Characterization of ecoanthropic aspects of the Canary Islands' beach-dunes systems as a key for their sustainable management
The tourism is the main economic activity of the Canary Islands, highlighting the "sun and beach" tourism. This mass tourism has been developed around coastal environments, and mainly around sandy systems. The results of three R&D+i (innovation) projects, developed over the past ten years by the research team that present this project (REN2003-05947, SEJ2007-64959 y CSO2010-18150), together with other R&D contract and some academic works, developed in the context of this research line, show how human activity has directly influenced some natural processes in major beach and dune systems of the Canary Islands, such as Maspalomas (Gran Canaria), Corralejo (Fuerteventura) and El Jable (Lanzarote), compromising the functioning of ecosystems and, with it, the survival of one of the main economic resources of the Canary Islands. As it has happened in other parts of the planet, urban development associated with tourism, as well as some equipment and services, and the development of certain activities carried out by users, have generated remarkable transformations in these sedimentary systems. This is due to the high fragility of these systems, due to the natural dynamic interaction of wind, sea and water. In this line, some of the latest research, mentioned above emphasize an issue that until now has not been studied, that regards the beach-dune systems of the Canary Islands: the arid climatic conditions in which they occur, induce greater natural fragility that similar systems have in other regions of the planet (temperate or tropical). In this context, anthropogenic alterations may generate changes in the whole sedimentary systems, sometimes causing irreversible deterioration. In this sense, there is a direct relationship between the intensity and duration of human pressure and the degree of deterioration of the systems. In the case of the Canary Islands, this pressure is maintained throughout the year, due to there are two large tourist seasons, in spring-summer and autumn-winter, being this latter one more relevant from the point of view of the human pressure. There is, therefore, no recovery period for coastal environments, as in the rest of the Spanish and European coasts. Finally, is known that these arid beaches and dunes systems have not been sufficiently studied worldwide, so there are few management background.
Therefore, the measures taken to manage these systems, are copies of those management actions carried out in other nearby systems, commonly at the Mediterranean coast.
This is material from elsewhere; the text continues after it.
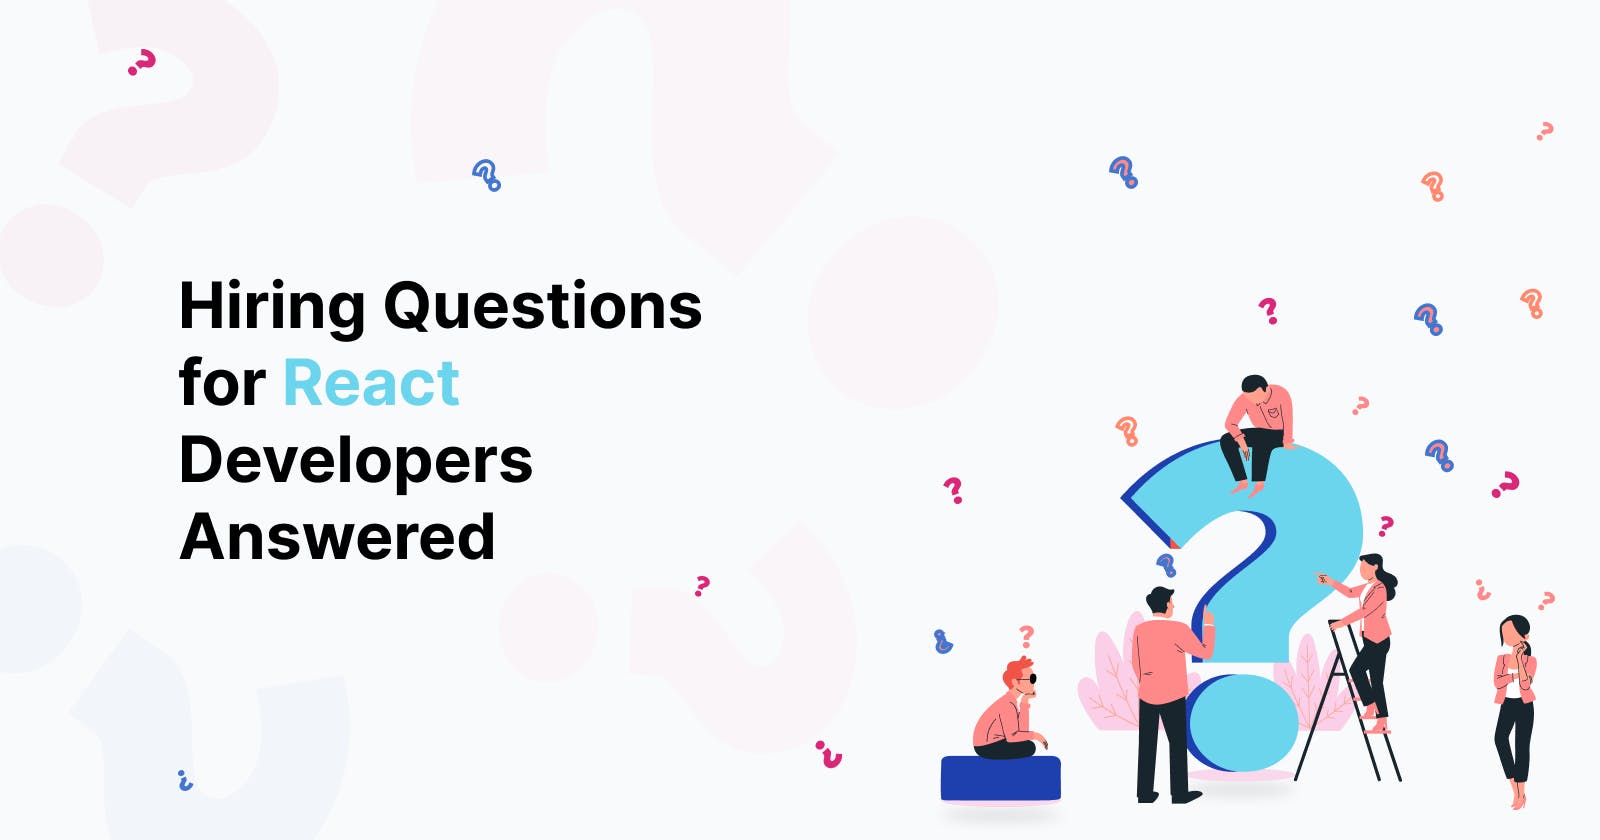 Hiring Questions for React Developers Answered

Given the above, it is necessary policies to promote tourism development in these coastal environments, but from a sustainable approach to ensure the survival of the natural systems that support them. Thus, the aim of this project project is to characterize some natural processes typical of these environments, analyze the influence of human activity on them, diagnose their condition and guide future management based on scientific criteria.